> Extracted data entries

•••••

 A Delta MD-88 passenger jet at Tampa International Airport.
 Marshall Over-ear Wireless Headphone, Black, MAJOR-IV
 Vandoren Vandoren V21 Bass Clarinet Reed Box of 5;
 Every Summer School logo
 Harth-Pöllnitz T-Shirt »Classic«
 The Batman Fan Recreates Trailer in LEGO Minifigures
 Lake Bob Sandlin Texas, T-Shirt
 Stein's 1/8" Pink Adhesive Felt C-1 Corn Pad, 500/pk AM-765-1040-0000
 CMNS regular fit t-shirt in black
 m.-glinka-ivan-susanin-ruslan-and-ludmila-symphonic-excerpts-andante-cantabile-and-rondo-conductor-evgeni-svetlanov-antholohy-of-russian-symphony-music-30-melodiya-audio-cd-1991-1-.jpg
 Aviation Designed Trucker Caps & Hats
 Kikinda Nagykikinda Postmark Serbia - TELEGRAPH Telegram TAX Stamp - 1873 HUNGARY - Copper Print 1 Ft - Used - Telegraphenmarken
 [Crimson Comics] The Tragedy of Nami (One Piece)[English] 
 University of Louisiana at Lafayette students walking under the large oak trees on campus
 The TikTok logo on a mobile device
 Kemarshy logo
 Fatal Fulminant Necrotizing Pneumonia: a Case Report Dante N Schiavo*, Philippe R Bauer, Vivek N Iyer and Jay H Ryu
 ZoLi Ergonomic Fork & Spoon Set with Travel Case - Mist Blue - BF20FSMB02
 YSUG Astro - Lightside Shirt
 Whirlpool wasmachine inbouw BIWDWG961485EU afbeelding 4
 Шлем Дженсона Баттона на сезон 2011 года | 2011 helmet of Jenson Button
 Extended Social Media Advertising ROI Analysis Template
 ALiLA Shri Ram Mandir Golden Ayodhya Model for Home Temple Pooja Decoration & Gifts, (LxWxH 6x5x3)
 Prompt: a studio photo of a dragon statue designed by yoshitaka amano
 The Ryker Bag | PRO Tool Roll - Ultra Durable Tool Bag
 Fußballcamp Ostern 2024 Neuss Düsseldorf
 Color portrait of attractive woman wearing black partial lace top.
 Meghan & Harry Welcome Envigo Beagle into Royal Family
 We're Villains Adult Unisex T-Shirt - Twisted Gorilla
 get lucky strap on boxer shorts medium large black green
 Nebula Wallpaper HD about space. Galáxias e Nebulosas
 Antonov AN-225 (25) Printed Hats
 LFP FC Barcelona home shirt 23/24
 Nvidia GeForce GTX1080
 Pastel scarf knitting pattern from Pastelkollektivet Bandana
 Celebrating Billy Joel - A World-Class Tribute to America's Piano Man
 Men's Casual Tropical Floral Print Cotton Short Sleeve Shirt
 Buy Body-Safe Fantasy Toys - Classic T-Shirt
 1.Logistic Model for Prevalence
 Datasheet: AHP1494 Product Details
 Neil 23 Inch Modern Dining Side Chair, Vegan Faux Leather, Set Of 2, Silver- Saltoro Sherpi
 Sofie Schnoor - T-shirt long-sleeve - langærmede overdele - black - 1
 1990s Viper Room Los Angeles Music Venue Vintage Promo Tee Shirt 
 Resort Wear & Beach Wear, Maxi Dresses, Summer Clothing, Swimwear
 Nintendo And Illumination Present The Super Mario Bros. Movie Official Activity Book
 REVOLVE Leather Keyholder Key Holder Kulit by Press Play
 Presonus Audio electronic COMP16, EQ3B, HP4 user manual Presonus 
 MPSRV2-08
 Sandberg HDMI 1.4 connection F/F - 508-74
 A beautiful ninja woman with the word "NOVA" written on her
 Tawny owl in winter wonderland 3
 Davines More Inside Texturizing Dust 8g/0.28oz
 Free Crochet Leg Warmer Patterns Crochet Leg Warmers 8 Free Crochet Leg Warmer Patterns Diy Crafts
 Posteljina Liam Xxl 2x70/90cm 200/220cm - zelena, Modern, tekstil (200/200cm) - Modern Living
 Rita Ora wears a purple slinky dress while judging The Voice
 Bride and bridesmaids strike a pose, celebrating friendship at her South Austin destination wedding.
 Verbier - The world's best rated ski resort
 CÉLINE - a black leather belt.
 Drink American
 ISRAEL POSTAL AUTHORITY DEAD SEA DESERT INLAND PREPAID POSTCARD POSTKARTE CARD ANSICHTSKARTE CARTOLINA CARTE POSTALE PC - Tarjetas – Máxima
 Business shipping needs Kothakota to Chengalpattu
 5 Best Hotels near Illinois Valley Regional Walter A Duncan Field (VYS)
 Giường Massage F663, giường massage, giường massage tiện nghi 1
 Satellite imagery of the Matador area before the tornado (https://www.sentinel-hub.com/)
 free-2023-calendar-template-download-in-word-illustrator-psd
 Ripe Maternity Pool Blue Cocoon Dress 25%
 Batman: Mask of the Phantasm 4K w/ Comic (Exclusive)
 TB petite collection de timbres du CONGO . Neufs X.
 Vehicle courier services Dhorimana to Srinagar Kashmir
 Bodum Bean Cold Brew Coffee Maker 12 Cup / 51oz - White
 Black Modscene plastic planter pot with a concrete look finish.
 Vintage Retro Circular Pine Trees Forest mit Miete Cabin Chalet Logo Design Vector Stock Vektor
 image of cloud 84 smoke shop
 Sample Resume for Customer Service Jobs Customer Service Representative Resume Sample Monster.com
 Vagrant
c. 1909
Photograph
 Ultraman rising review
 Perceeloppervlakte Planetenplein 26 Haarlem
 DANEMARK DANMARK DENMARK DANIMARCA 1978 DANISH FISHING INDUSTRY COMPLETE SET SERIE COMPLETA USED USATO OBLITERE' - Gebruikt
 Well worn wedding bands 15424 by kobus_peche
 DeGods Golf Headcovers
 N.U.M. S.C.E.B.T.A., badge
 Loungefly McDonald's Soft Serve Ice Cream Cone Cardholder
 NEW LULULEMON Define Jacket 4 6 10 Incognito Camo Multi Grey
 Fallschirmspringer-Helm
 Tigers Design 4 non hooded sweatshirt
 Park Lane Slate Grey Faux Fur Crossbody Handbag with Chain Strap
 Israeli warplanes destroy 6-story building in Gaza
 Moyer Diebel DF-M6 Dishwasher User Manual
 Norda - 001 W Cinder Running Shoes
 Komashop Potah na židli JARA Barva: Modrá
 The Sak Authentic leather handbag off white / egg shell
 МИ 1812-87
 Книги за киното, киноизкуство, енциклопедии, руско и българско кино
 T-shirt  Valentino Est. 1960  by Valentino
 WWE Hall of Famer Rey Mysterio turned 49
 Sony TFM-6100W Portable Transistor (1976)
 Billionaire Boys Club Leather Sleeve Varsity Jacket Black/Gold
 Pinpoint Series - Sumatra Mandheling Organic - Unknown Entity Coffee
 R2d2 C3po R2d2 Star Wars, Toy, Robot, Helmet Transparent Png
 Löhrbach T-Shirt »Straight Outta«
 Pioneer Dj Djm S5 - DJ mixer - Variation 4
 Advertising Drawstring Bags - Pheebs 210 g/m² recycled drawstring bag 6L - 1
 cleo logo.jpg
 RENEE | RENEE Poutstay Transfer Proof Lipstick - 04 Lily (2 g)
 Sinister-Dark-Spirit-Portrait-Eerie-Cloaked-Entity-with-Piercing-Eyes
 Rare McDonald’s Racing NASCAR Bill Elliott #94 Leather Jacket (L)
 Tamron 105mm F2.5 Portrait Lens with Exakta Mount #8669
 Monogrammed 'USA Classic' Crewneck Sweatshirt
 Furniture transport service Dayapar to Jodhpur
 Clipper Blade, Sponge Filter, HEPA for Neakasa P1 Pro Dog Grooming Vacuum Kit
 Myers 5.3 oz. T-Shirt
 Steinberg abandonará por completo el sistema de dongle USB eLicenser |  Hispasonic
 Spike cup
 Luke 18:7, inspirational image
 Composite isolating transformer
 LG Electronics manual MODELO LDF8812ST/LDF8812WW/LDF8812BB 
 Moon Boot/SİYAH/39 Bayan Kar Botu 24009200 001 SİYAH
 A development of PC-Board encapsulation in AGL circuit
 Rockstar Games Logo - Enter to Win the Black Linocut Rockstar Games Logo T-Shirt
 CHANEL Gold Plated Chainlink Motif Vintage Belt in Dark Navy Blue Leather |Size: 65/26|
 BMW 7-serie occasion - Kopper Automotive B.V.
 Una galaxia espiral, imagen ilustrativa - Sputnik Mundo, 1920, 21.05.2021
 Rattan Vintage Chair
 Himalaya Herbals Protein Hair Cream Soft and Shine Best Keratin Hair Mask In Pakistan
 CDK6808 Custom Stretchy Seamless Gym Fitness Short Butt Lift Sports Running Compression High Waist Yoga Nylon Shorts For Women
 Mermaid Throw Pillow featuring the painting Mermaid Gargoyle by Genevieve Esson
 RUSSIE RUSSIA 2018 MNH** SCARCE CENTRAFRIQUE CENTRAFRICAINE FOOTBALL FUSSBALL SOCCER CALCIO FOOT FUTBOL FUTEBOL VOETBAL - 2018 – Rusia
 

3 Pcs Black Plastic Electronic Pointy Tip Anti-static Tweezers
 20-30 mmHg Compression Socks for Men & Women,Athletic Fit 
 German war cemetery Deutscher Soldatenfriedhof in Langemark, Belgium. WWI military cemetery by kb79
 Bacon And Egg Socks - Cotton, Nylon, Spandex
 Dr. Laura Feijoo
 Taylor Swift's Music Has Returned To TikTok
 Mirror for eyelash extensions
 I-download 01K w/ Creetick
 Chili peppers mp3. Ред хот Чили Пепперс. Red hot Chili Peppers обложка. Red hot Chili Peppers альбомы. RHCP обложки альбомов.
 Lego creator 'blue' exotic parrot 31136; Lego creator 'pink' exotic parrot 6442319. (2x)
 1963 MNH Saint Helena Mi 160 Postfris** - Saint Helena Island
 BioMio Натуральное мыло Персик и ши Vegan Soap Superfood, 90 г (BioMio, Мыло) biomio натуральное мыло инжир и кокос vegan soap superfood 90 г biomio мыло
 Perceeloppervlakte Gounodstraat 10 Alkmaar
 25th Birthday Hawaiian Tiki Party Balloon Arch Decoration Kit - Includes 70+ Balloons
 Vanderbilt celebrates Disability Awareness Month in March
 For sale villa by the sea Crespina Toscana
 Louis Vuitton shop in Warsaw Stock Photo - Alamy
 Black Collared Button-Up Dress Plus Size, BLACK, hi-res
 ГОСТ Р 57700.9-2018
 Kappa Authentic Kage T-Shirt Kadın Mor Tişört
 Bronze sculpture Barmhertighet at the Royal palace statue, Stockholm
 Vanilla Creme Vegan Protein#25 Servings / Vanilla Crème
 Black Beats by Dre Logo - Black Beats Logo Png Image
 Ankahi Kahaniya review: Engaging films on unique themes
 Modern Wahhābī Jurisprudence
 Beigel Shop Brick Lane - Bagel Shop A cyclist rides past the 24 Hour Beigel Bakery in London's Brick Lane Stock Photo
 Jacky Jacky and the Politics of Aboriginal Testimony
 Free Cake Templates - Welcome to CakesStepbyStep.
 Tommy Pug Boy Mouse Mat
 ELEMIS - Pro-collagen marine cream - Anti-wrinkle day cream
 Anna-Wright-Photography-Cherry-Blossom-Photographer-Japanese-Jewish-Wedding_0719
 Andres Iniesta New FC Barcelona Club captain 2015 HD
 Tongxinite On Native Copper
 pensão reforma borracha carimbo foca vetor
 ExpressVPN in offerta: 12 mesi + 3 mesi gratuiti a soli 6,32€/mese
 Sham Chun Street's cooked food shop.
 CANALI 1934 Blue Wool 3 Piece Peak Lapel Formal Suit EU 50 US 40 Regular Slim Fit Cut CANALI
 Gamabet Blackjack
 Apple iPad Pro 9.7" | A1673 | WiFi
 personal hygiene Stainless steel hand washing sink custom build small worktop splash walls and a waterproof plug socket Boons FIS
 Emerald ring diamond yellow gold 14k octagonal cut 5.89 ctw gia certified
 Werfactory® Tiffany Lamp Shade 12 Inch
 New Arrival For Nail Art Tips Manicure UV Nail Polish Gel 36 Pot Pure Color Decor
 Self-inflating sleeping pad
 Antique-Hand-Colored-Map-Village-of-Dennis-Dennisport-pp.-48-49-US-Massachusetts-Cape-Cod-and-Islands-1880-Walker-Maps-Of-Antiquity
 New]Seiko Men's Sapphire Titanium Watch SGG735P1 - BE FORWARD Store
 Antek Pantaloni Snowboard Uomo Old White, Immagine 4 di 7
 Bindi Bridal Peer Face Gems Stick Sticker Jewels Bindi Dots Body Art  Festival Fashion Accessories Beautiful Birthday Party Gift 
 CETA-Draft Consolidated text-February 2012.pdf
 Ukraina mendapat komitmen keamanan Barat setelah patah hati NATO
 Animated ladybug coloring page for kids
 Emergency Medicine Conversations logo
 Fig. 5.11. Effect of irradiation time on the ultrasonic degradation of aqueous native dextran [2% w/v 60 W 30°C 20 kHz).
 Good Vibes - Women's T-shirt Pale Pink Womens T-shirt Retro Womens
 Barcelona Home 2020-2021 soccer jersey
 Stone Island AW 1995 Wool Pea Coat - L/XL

•••••

> TASK TO CARRY OUT
Restate, word for word and with nothing added, the lines from the beginning of the records above through the line that contains "CMNS regular fit t-shirt in black".

> OUTPUT
 A Delta MD-88 passenger jet at Tampa International Airport.
 Marshall Over-ear Wireless Headphone, Black, MAJOR-IV
 Vandoren Vandoren V21 Bass Clarinet Reed Box of 5;
 Every Summer School logo
 Harth-Pöllnitz T-Shirt »Classic«
 The Batman Fan Recreates Trailer in LEGO Minifigures
 Lake Bob Sandlin Texas, T-Shirt
 Stein's 1/8" Pink Adhesive Felt C-1 Corn Pad, 500/pk AM-765-1040-0000
 CMNS regular fit t-shirt in black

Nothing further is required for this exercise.